Beyond packages, the Python language itself also kept evolving in 2025. Consider the release of Python 3.14, with its official support of free-threading. And I am not even talking about other factors impacting developer experience.
Did these trends affect your Python workflow in 2025? Are you anticipating other ones in 2026? And what were your Python highlights of 2025?
Sources, disclaimer and references
Most PyPI download numbers referenced in this article were extracted from ClickPy, a Python Package Analytics Service Powered by ClickHouse available at clickpy.clickhouse.com. ClickPy itself is based on the public PyPI download statistics dataset made available on Google BigQuery, which you can read about in the section on Analyzing PyPI package downloads of the Python Packaging User Guide.

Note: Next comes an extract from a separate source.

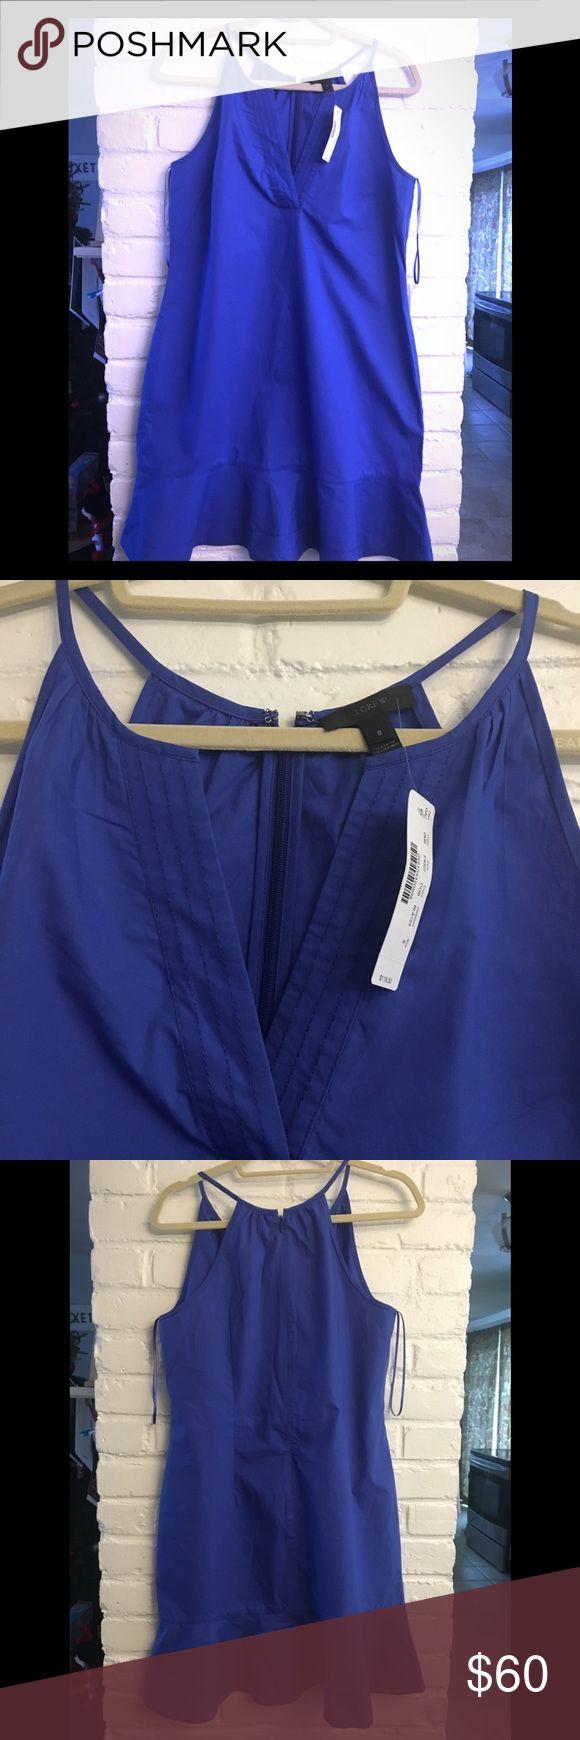 J. Crew Women's Flutter-hem Dress Cobalt Blue Sundress, Size 8 J. Crew Dresses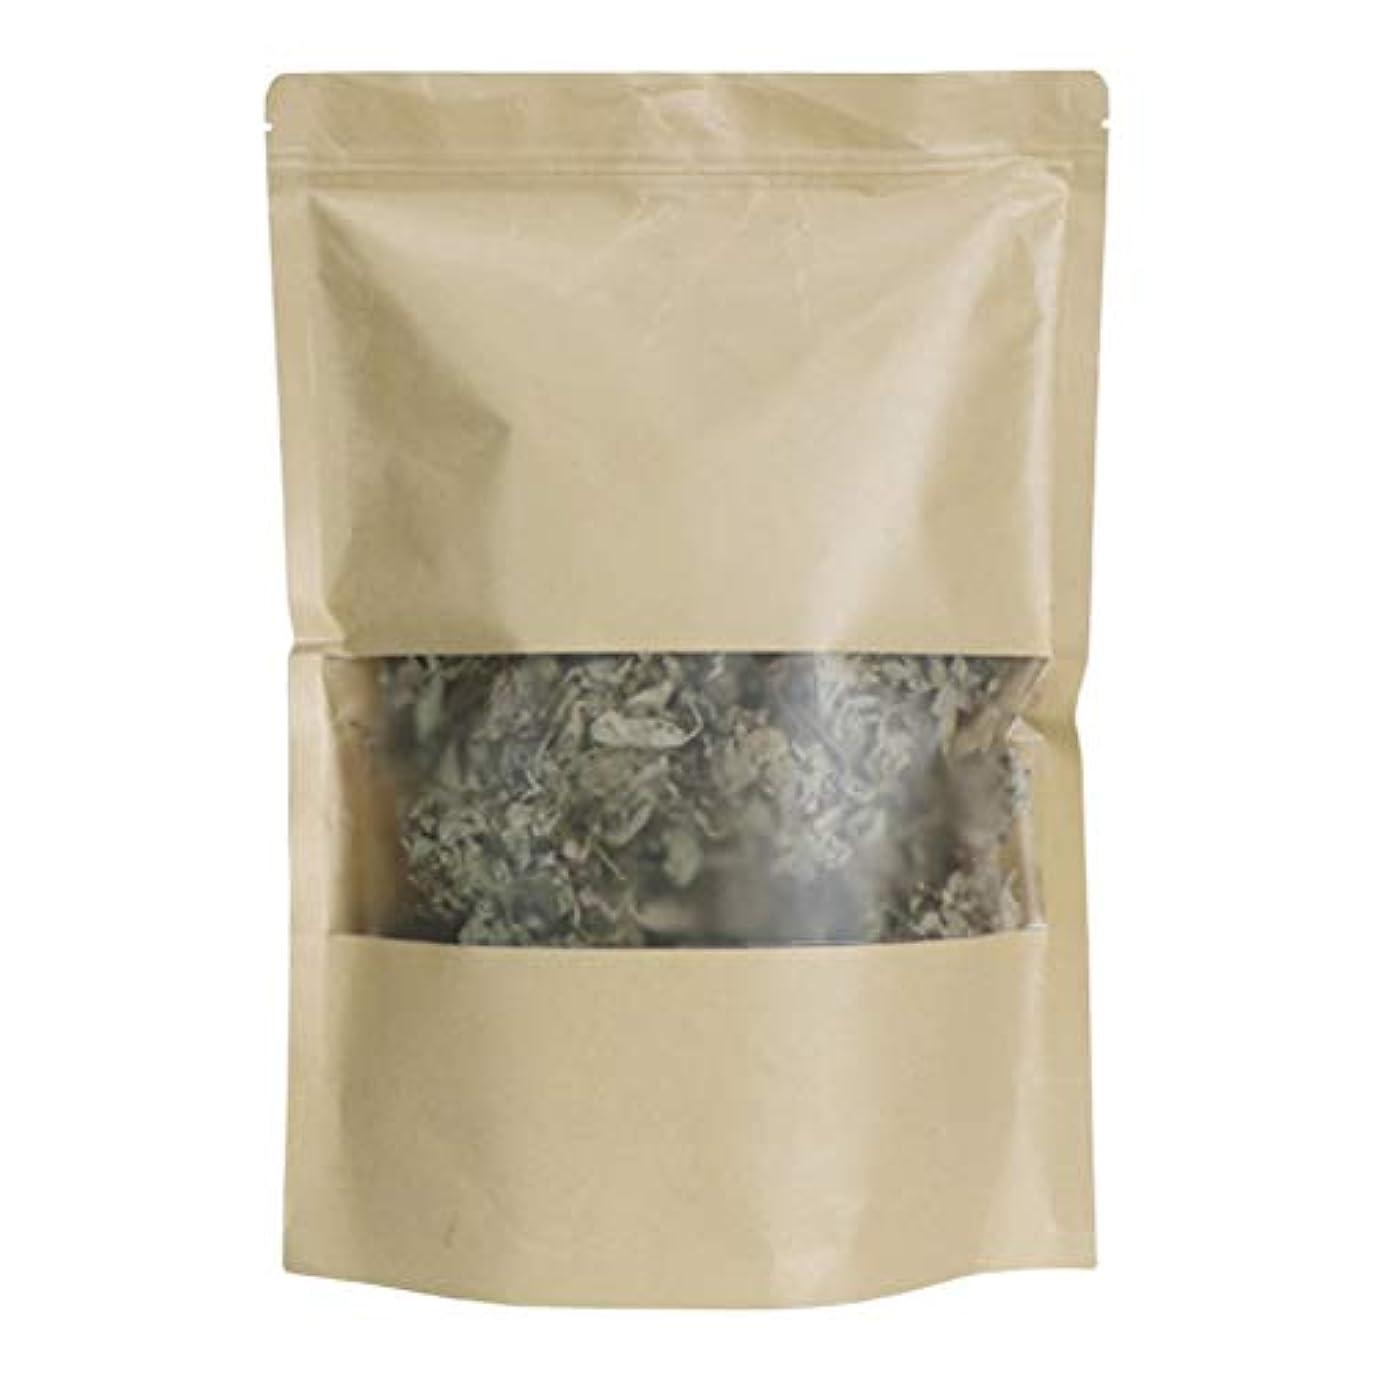 うなるパネルうつVosarea 1パック足風呂ハーブ漢方うめウッドフットバッグソークストレスリリーフ500g

The Python Packaging User Guide itself claims that these download statistics are “highly inaccurate” and “not particularly useful”. Indeed, as I wrote in March 2025, Trying to Make Sense of PyPI Download Statistics is not easy. I do believe that these statistics can be useful, especially for analyses comparing numbers from one year to the next, and provided you take the numbers with a grain of salt and understand some of their drivers.
For those eager to dig into the numbers on their own, I compiled the three following lists on PySpect: most downloaded new packages of 2025, packages with highest relative PyPI growth in 2025 and with highest absolute PyPI growth in 2025.